»»

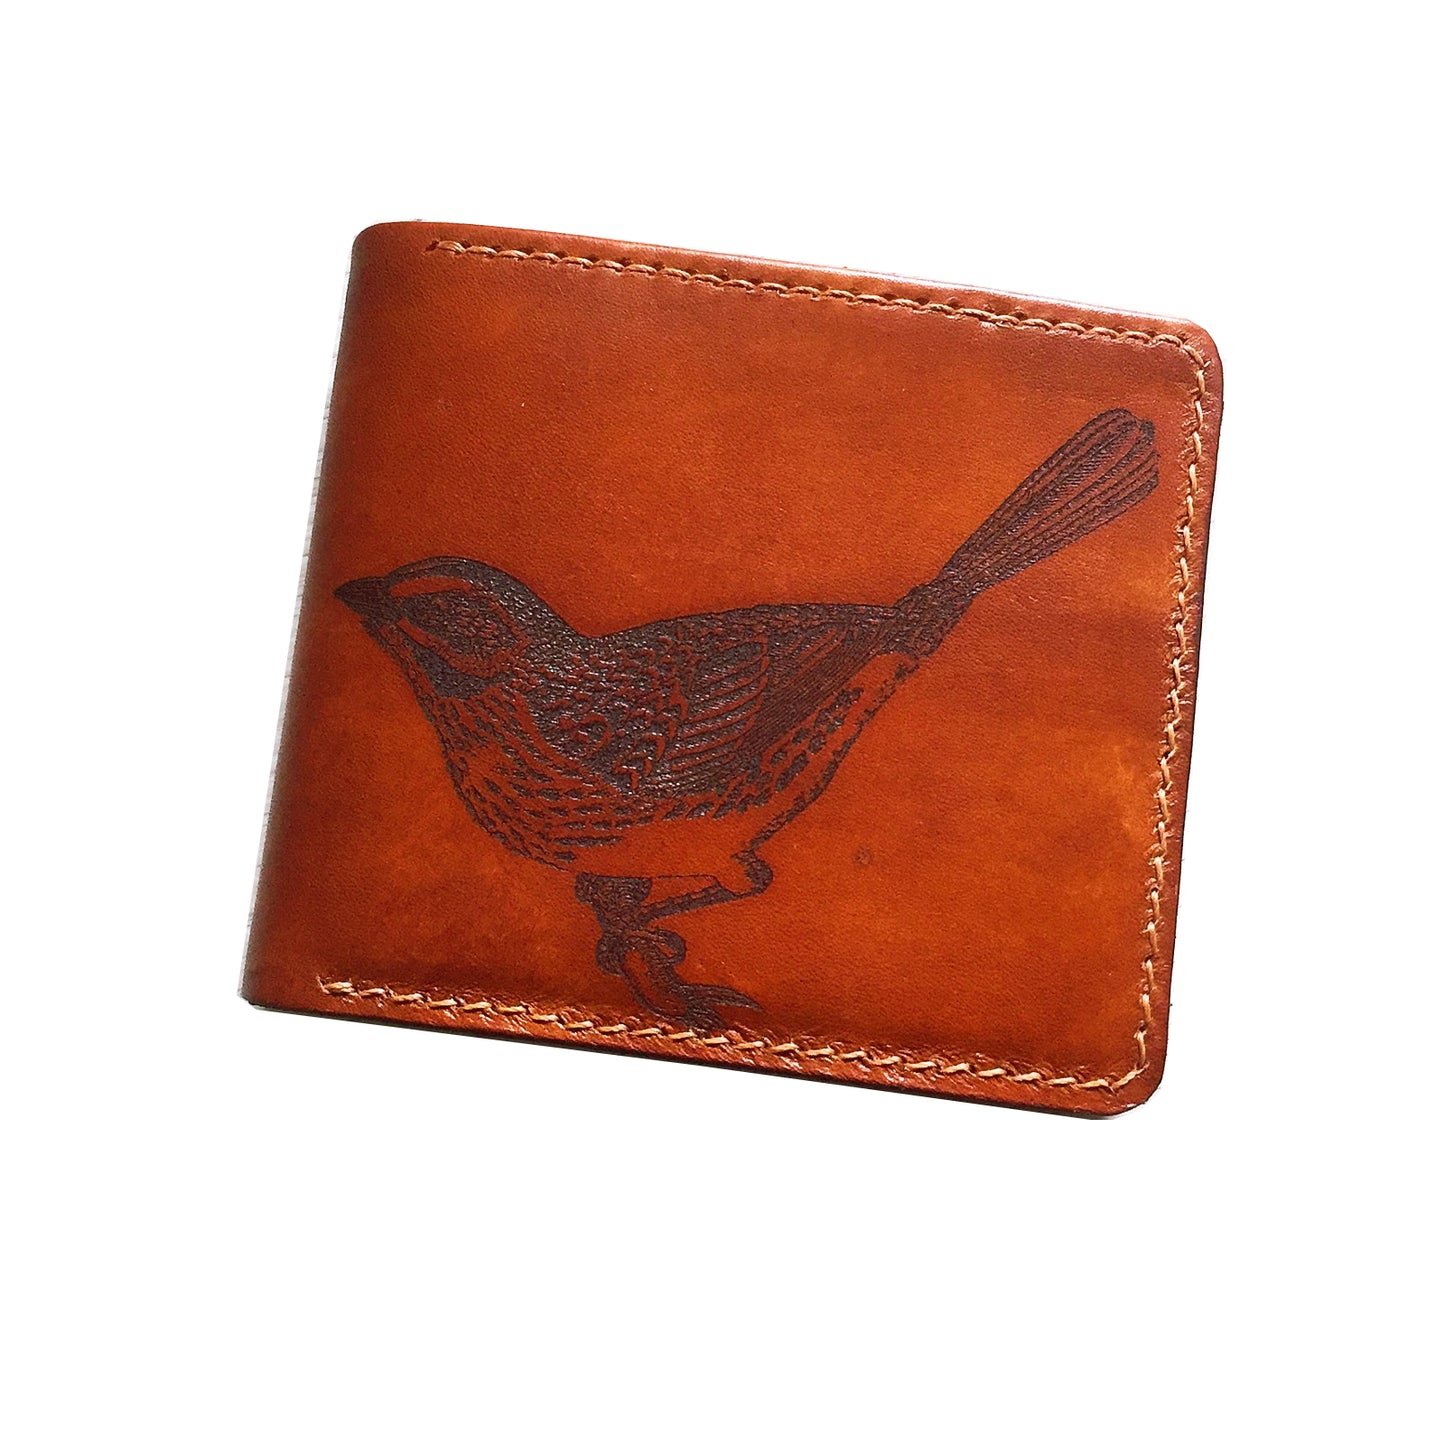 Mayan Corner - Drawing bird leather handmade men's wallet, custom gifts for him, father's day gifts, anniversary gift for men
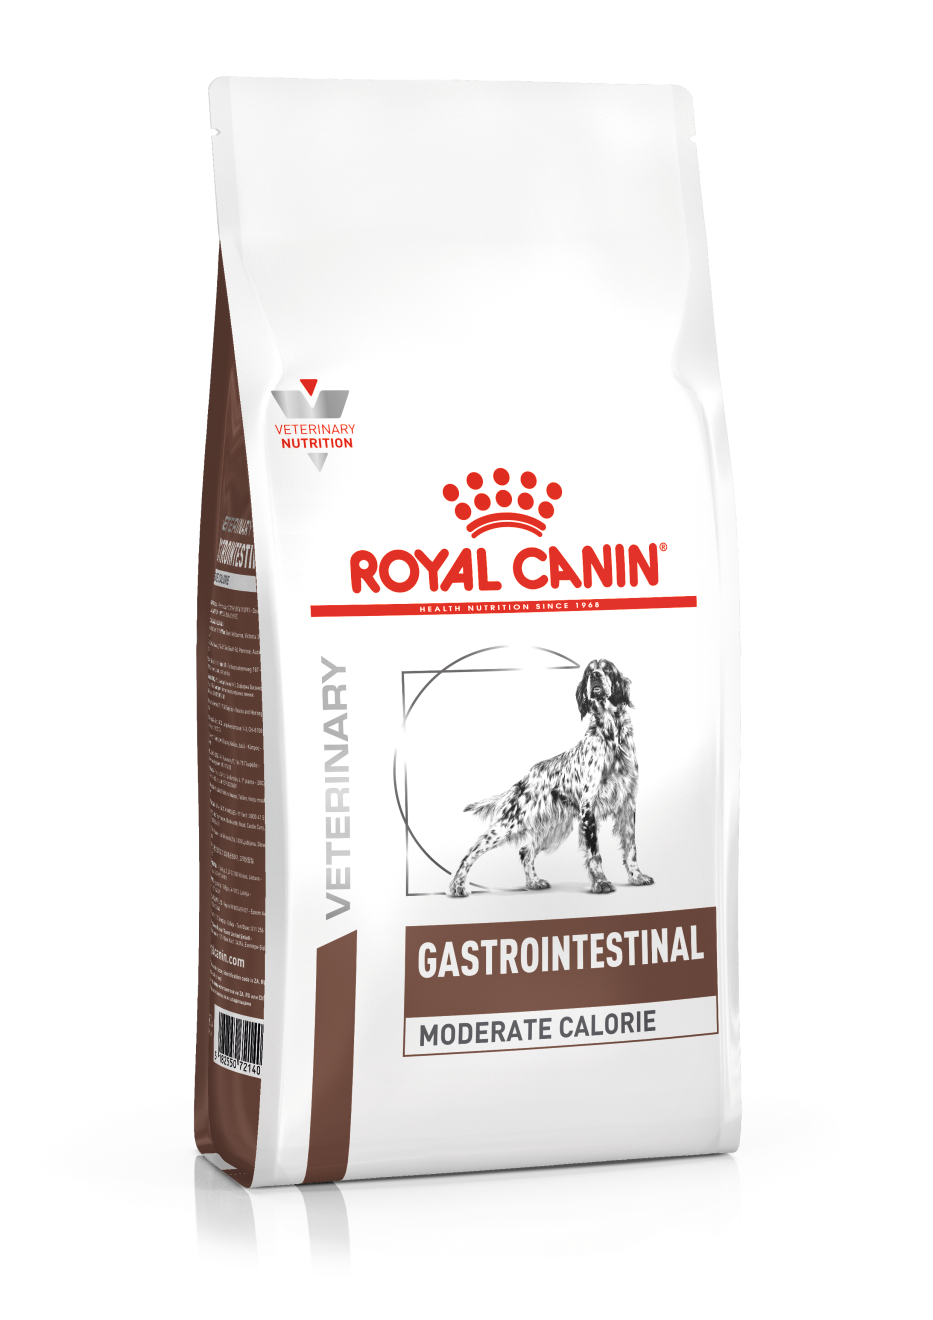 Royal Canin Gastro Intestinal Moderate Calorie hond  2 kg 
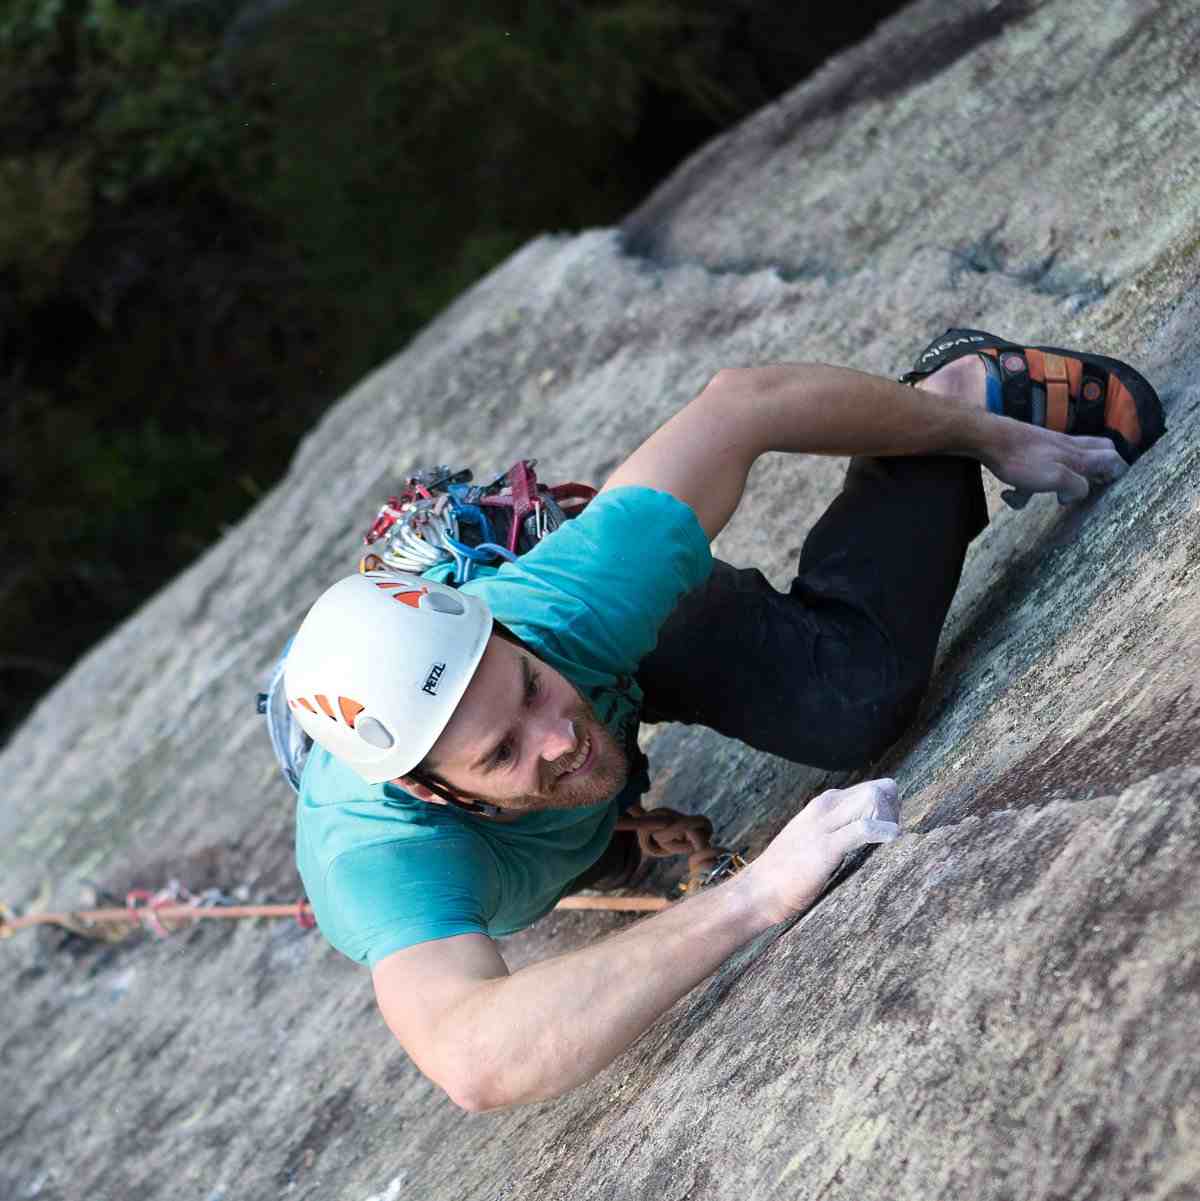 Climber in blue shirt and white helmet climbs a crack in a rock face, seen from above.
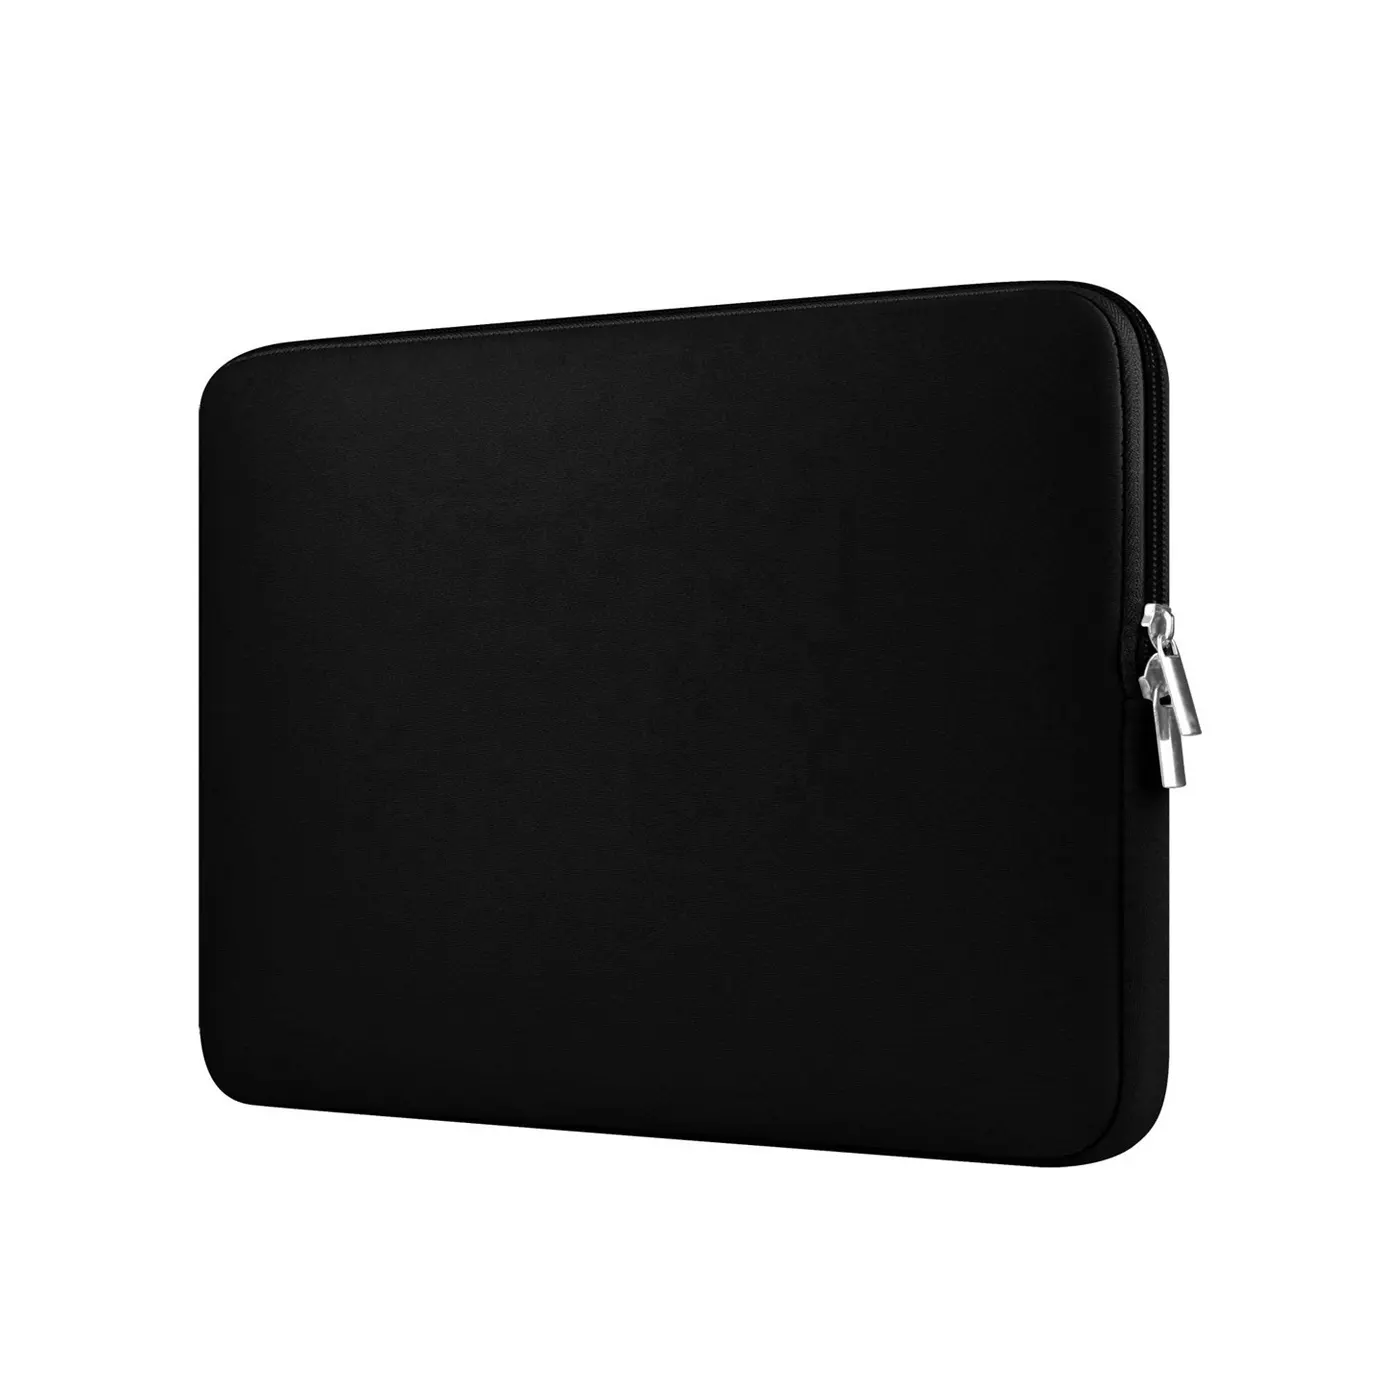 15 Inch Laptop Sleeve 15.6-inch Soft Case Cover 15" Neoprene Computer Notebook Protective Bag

««

*Problem requirements:*
Copy exactly what appears from the line holding "Climber in blue" to the end of the material, keeping both end lines. Pictures are not part of the copy.

*Problem solution:*
 Climber in blue shirt and white helmet climbs a crack in a rock face, seen from above.
 15 Inch Laptop Sleeve 15.6-inch Soft Case Cover 15" Neoprene Computer Notebook Protective Bag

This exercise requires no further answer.